TO DO:
Please restate word for word the lines of the entries below from the one with "#include <iostream>" to the one with "3 JERRY CANS", inclusive, and leave out every picture.

ENTRIES SUPPLIED:
────────────────

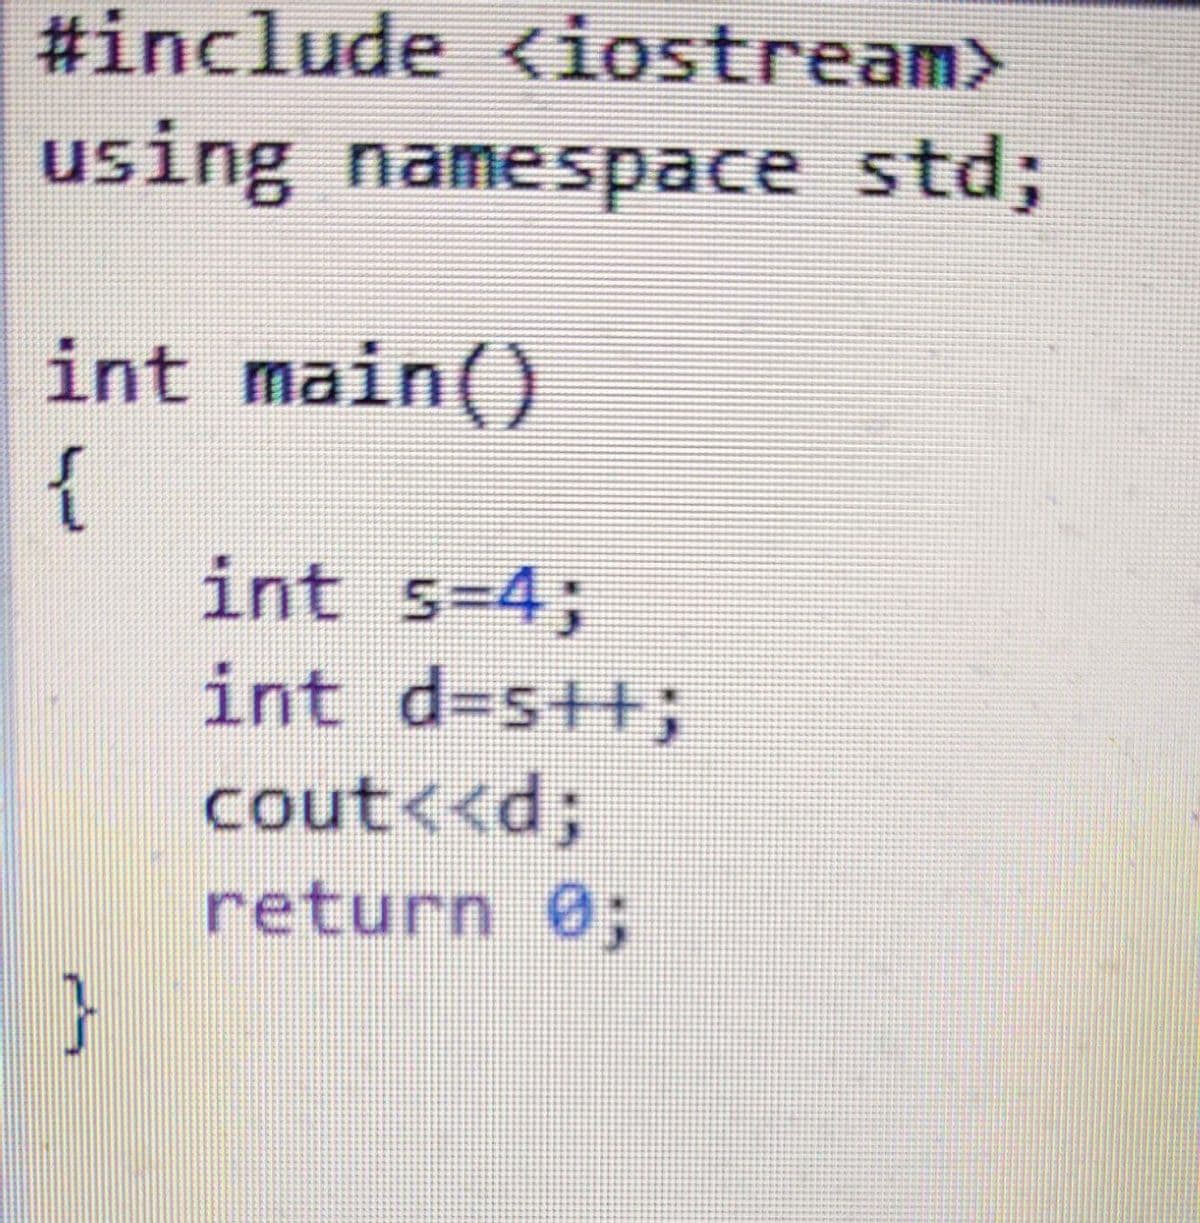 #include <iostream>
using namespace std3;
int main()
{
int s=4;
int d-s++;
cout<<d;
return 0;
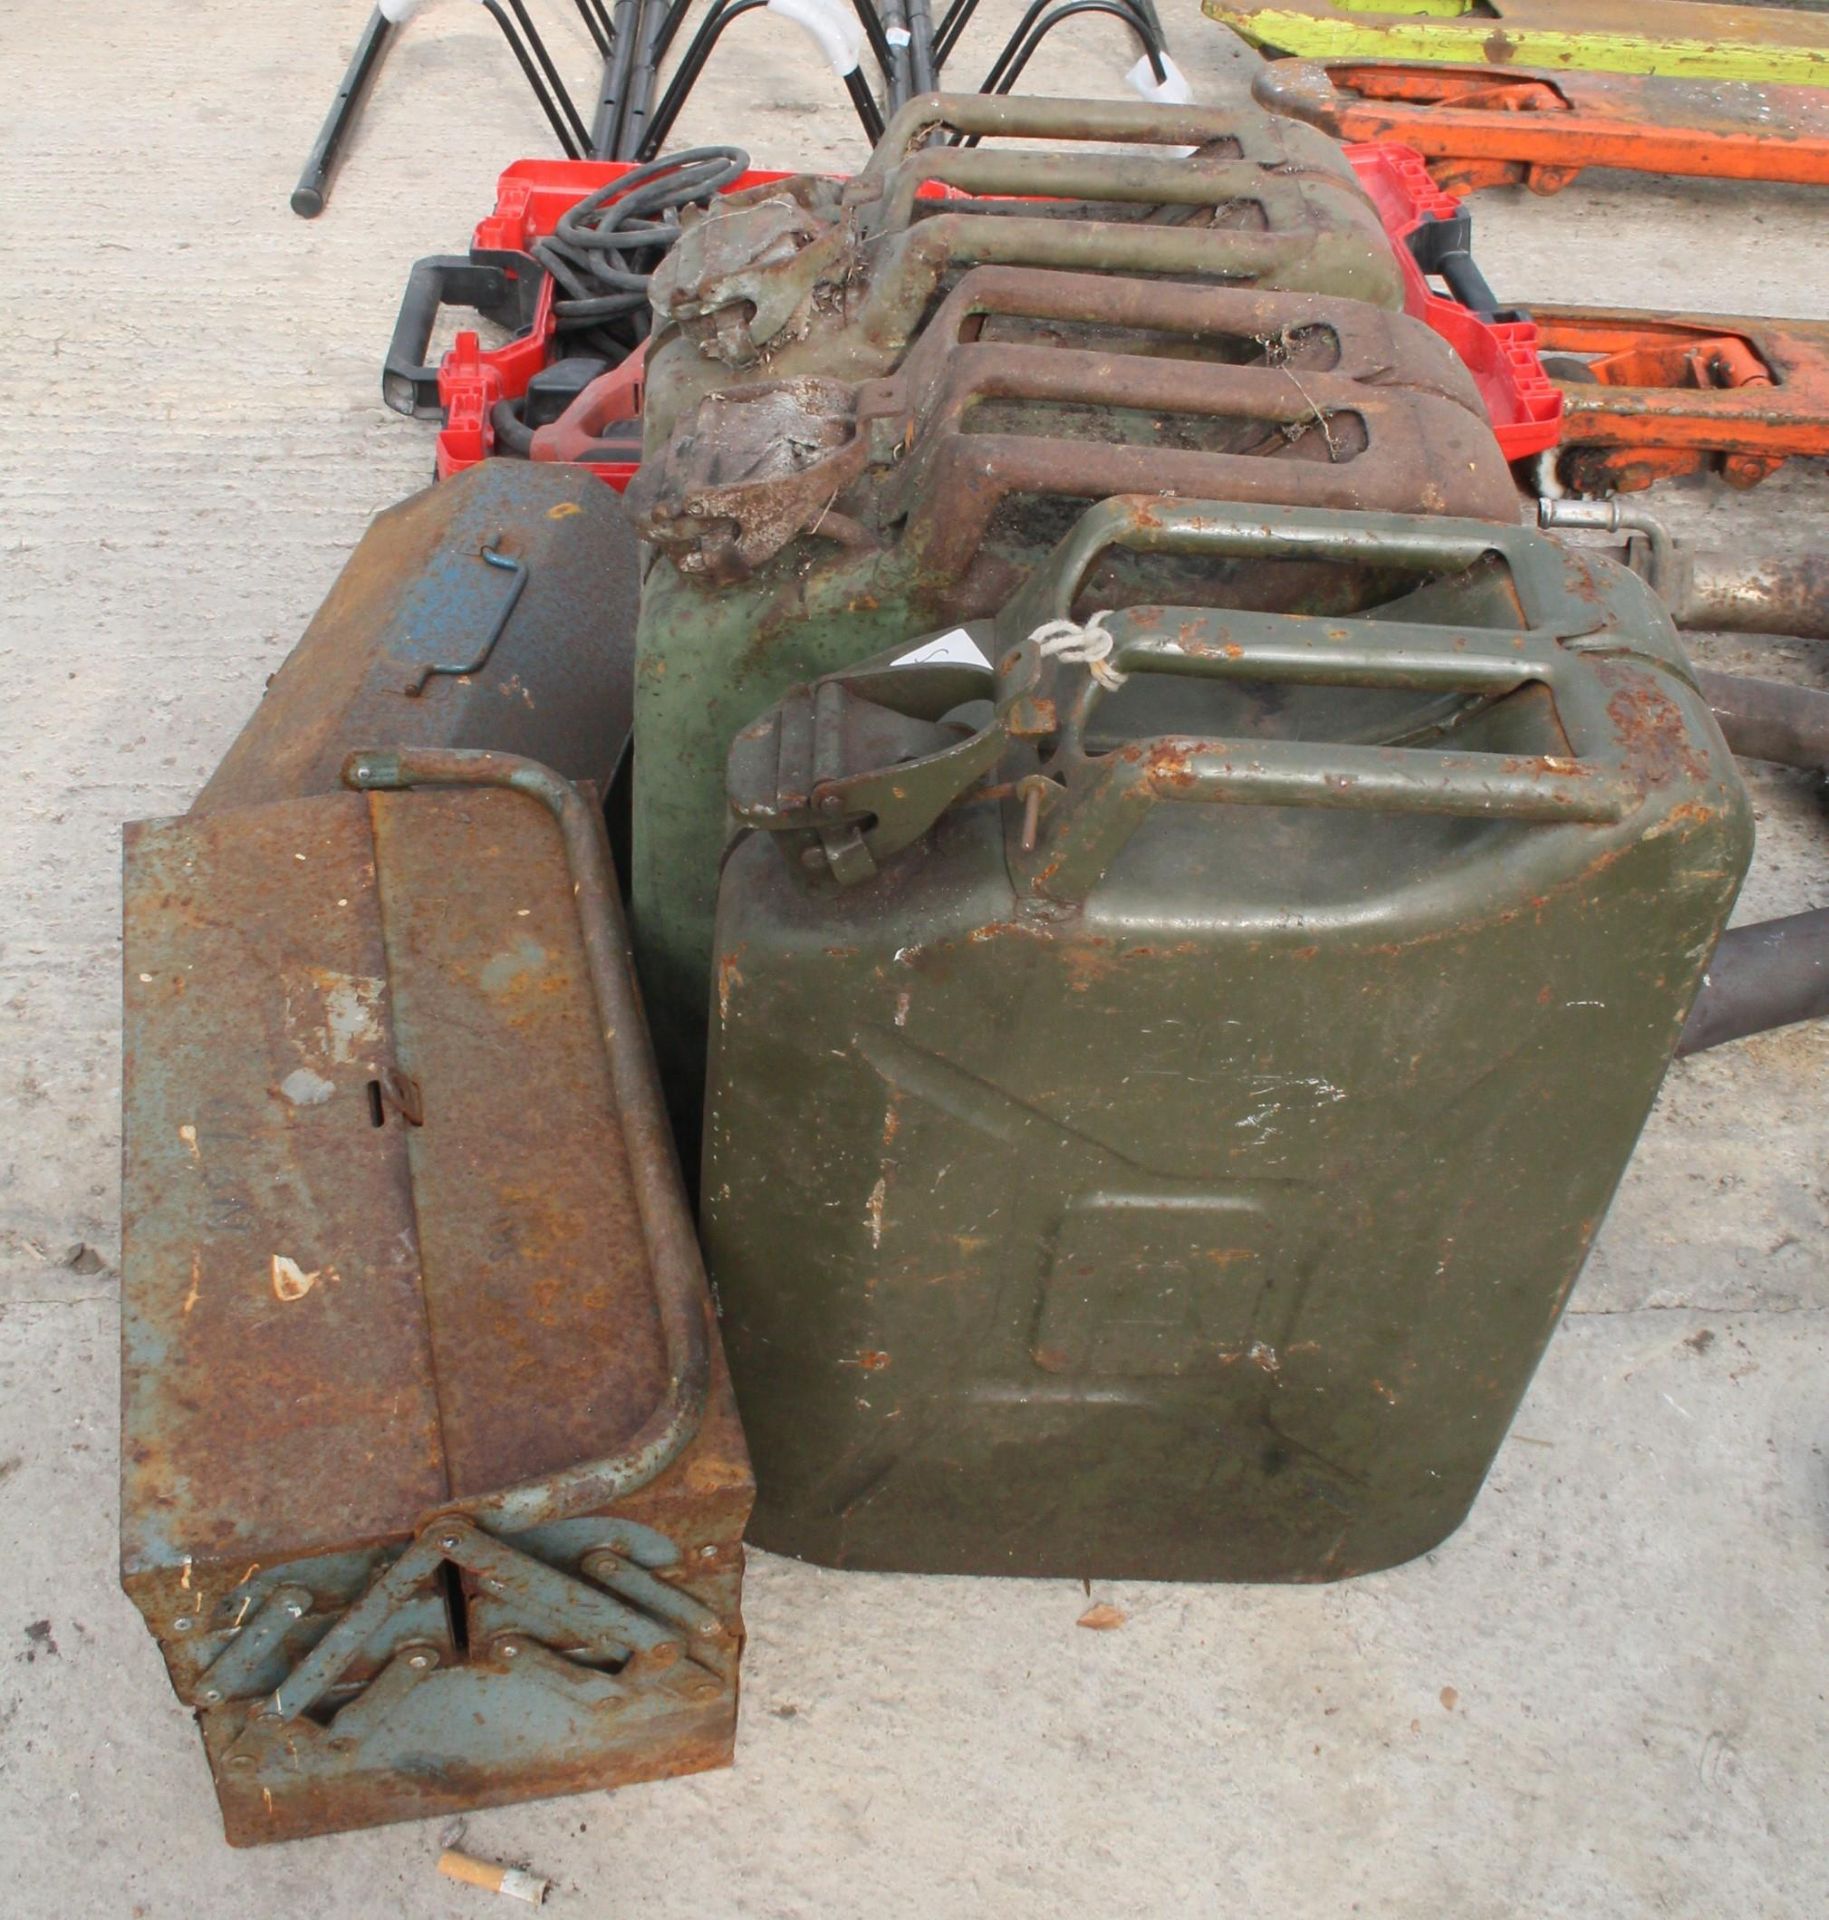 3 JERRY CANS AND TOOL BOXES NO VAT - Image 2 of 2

────────────────

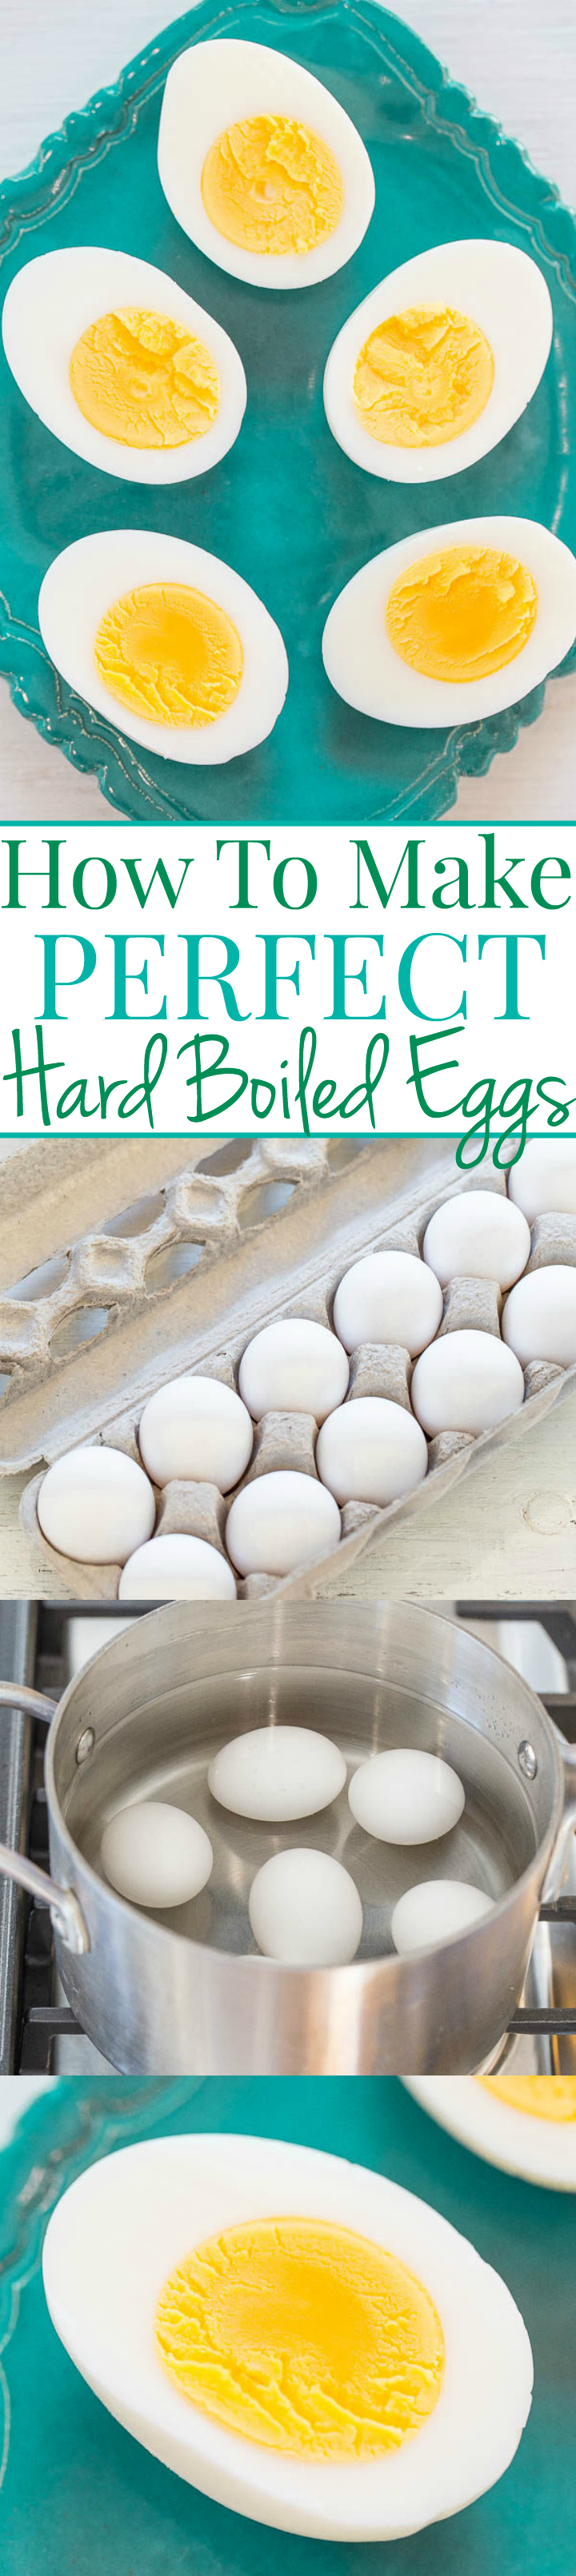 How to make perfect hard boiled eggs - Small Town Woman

────────────────

RESULT OF THIS TASK:
 #include <iostream>
using namespace std3;
int main()
{
int s=4;
int d-s++;
cout<<d;
return 0;
 3 JERRY CANS AND TOOL BOXES NO VAT - Image 2 of 2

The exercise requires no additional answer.